- Born: 3 July 1930 St. Andrews, Fife, Scotland
- Died: 17 January 2001 (aged 70) Perth, Scotland
- Occupations: actor, artistic director

= Robert Robertson (actor) =

Scottish actor

Robert Robertson (3 July 1930 – 17 January 2001) was a Scottish actor and theatre director. He was best known for playing Doctor Stephen Andrews in the television show Taggart.

==Biography==
Robertson was born in St Andrews, Fife. His acting career started with the Manchester Repertory Theatre shortly after World War II. He moved to London appearing in a variety of roles most notably as Dr Grimwig in Oliver!, Lionel Bart's acclaimed Dickens musical, at the New Theatre. Robertson also wrote and performed his own one-man show, Your Humble Servant, at the Open Space Theatre, London.

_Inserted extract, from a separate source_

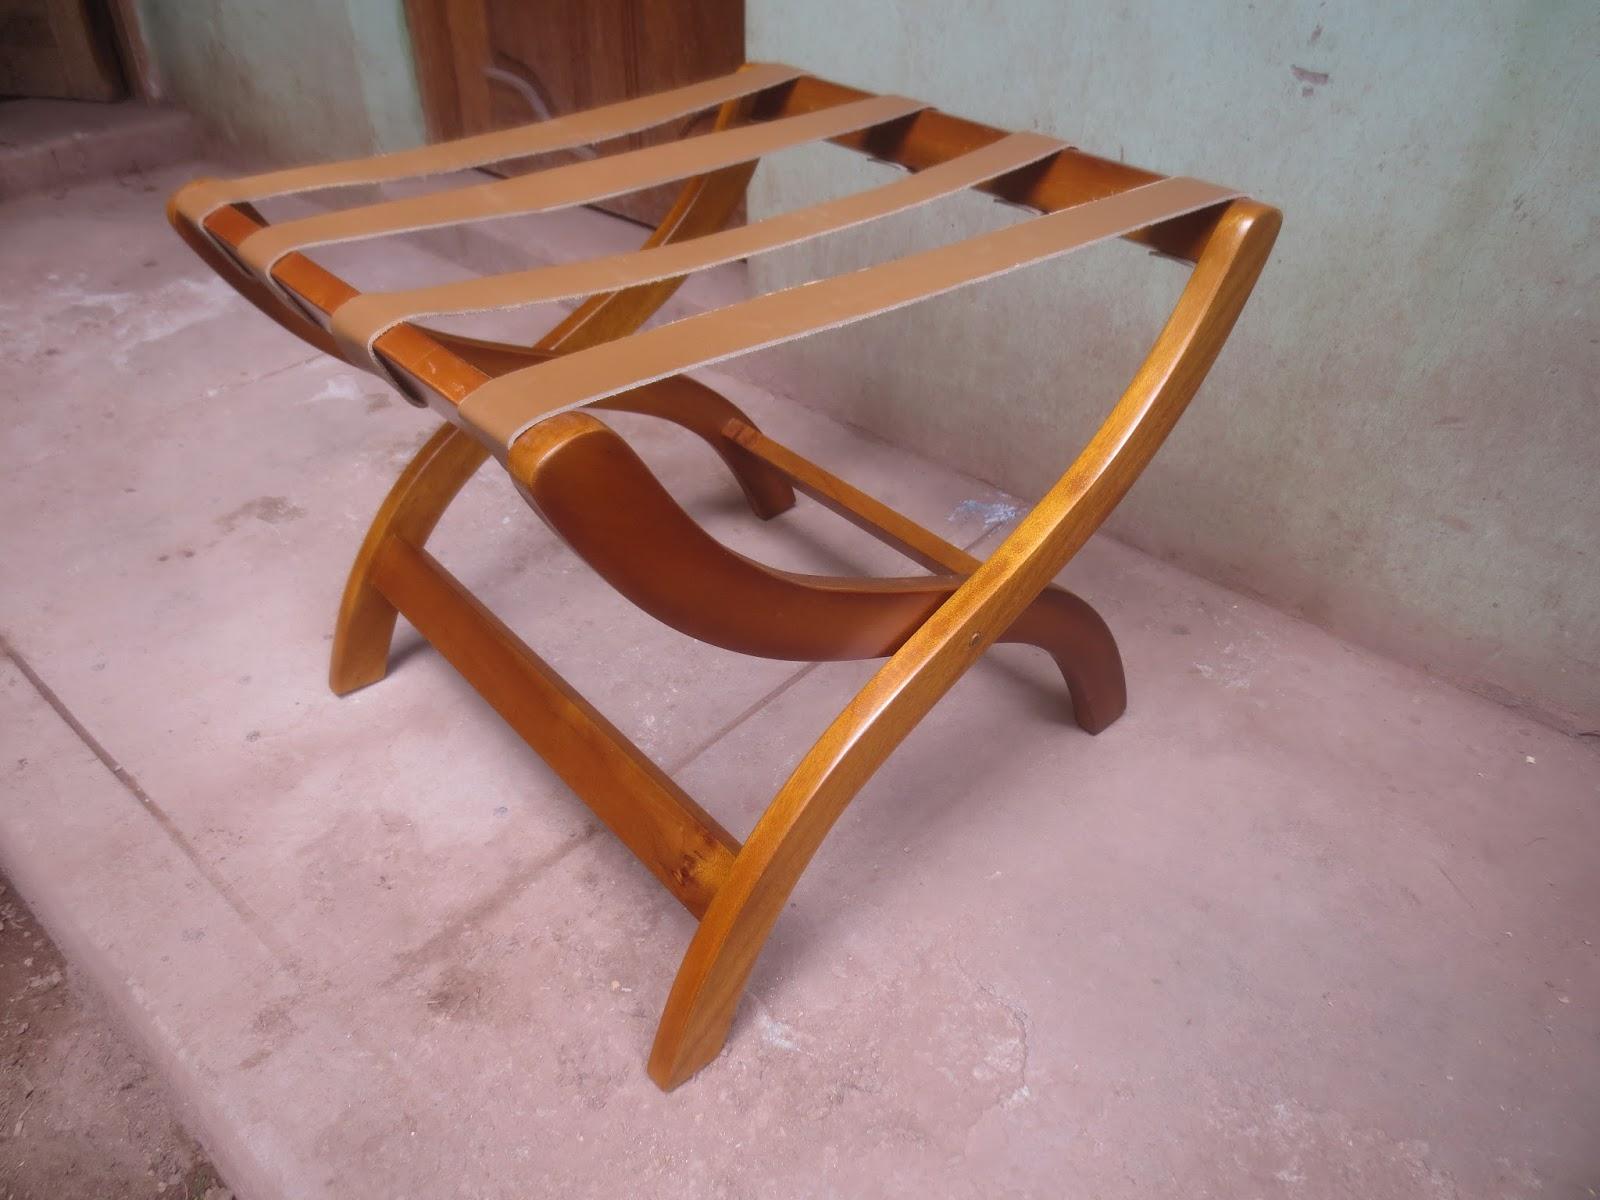 Decoraciones manualidades en madera - Manualidades con madera ...
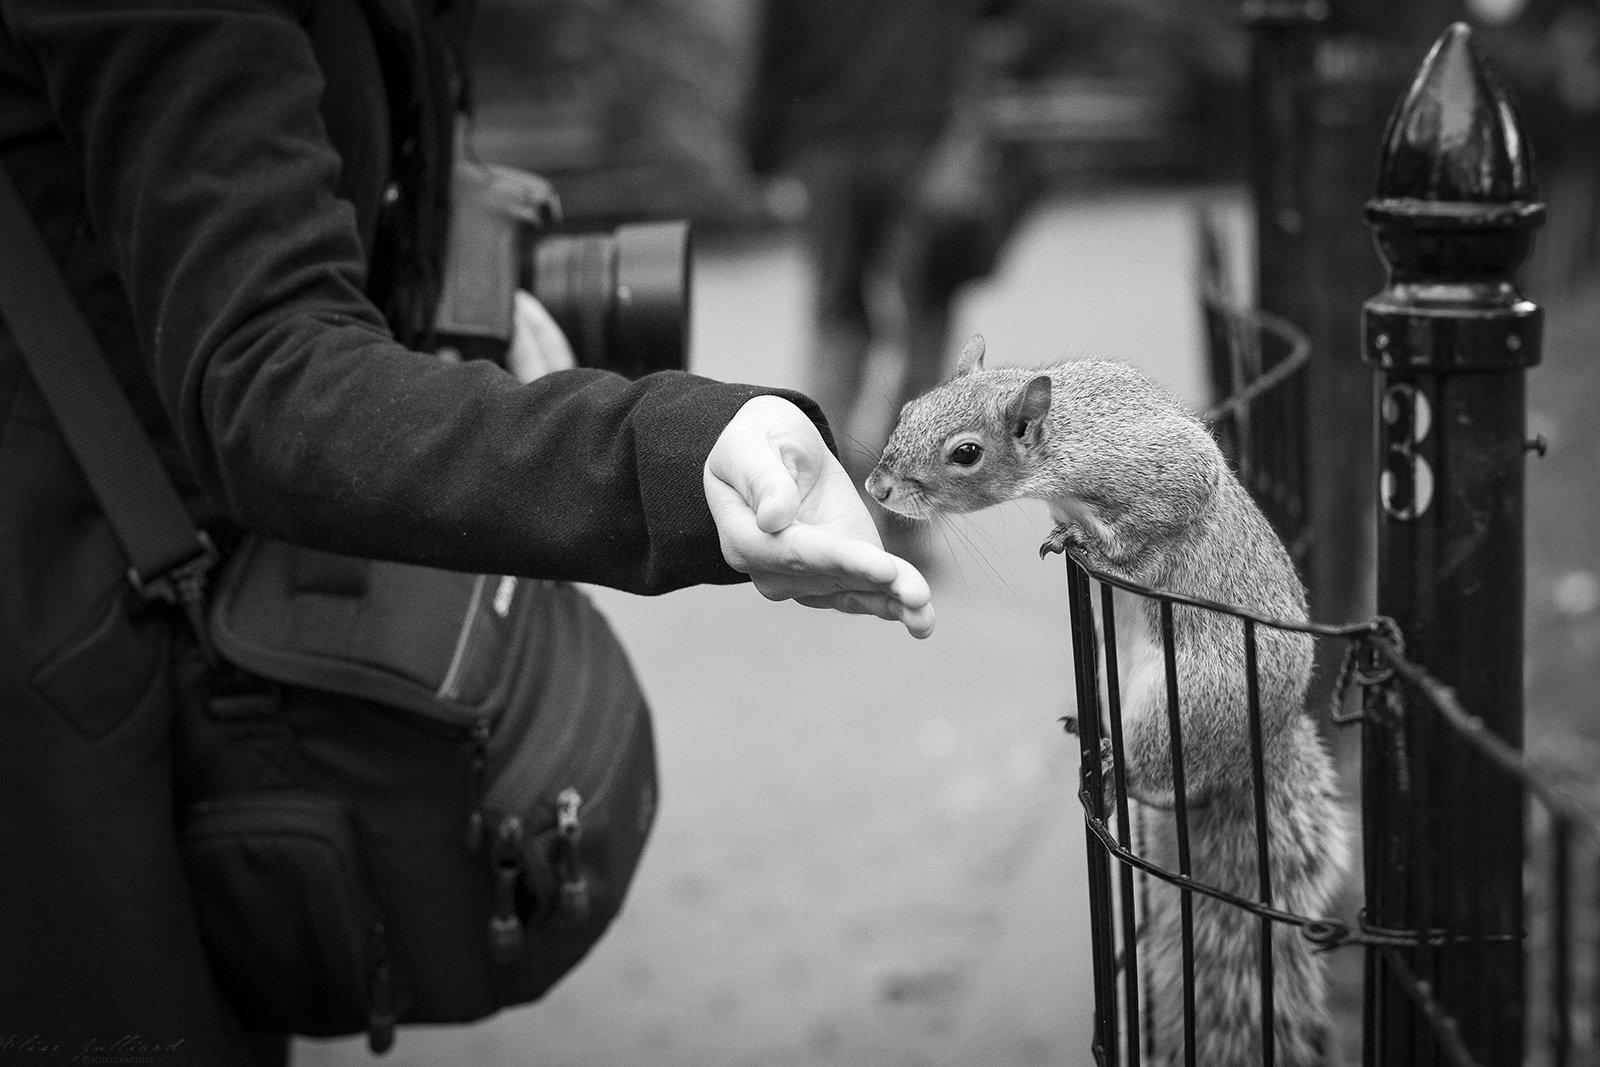 elise-julliard-photographe-ecureuil-gris-squirrel-madison-square-new-york-etats-unis

In 1973 Robertson returned to Scotland to perform in Dundee and stayed. He acted and directed with the Dundee Repertory Theatre, serving as the company's artistic director from 1976 to 1992. On stage he played Willy Loman in Death of a Salesman and Frank in Educating Rita. He directed The Importance of Being Earnest, The Tempest and The Cherry Orchard. Robertson also oversaw the move to a new purpose-built theatre in the centre of Dundee.

In 1983 he was cast in the three-part pilot of Taggart as Dr Stephen Andrews. The show became an international success and Robertson became famous for his role as the pathologist. He appeared in 51 episodes of the show.

Other notable television appearances include The Ambassadors of Death, a Doctor Who serial in 1970 and the role of Palanguez in the BBC's The Day of the Triffids. On the big screen Robertson appeared in the 1996 film Breaking the Waves, directed by Lars von Trier.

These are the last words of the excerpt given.